"L'humanité parcourut un long chemin avant que les hommes ne soient en mesure, et éprouvent la nécessité, de créer des symboles purement relationnels. Mais, bien que cette manière de construire des symboles suppose une capacité à déployer des synthèses de portée relativement vaste ou, pour employer un langage plus familier, implique un pouvoir d'abstraction élevé, les énoncés les plus élémentaires que l'on peut formuler à son propos demeurent fort simples.

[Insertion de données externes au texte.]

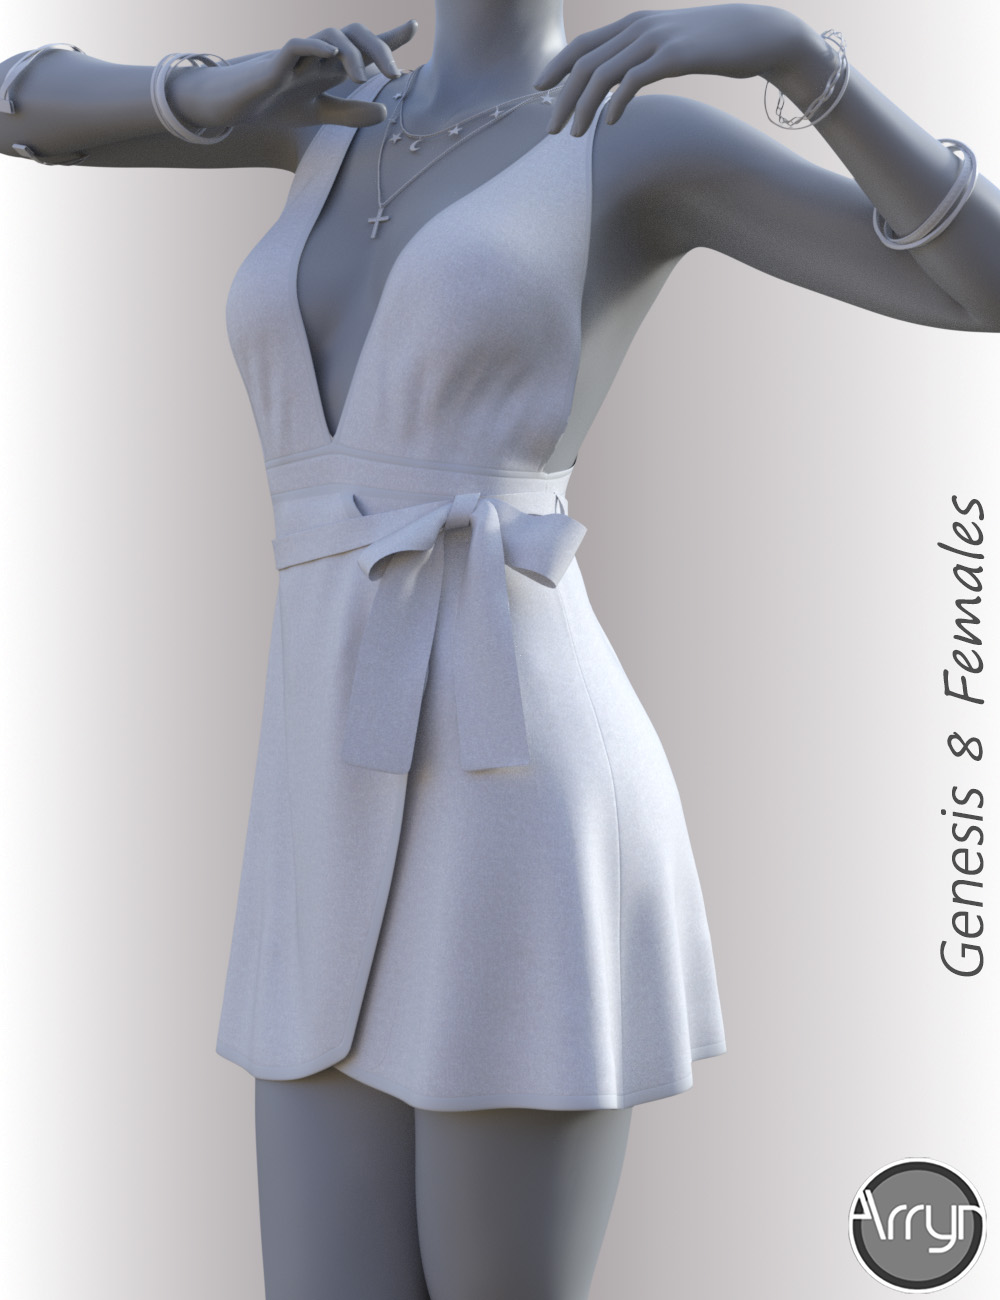 dForce Aimee Candy Dress for Genesis 8 Female(s) by: OnnelArryn, 3D Models by Daz 3D

Si l'on pose deux fois deux pommes côte à côte, cela fait quatre pommes. Dans l'évolution de la société, il existe des stades où les hommes possèdent bien des symboles pour « quatre pommes », « quatre vaches », etc., mais ne disposent pas de symboles tels que « quatre », « cinq » ou « six » qui ne se rapportent à aucun objet spécifique et, précisément pour cette raison, peuvent être appliqués à une multitude d'objets différents. Ici se trouve la clef du mystère de l'applicabilité des mathématiques à des domaines d'objets si différents. À l'intérieur de tous ces domaines, il existe des relations spécifiques qui, par l'intermédiaire de mesures, peuvent être représentées par des symboles mathématiques purement relationnels. De purs symboles relationnels peuvent être, sur le papier par exemple, manipulés d'une manière toute différente que des relations entre des objets ou des personnes spécifiques. Mais le résultat de telles manipulations purement symboliques peut être transféré à des relations entre des objets ou entre des personnes spécifiques. Et il est peut-être possible de déterminer expérimentalement si les résultats obtenus grâce à la manipulation de purs symboles relationnels sont ou non confirmés lors de leur application à des relations spécifiques."
Norbert Elias, Du temps, 1984, tr. fr. Michèle Hulin, Fayard, p. 149-150.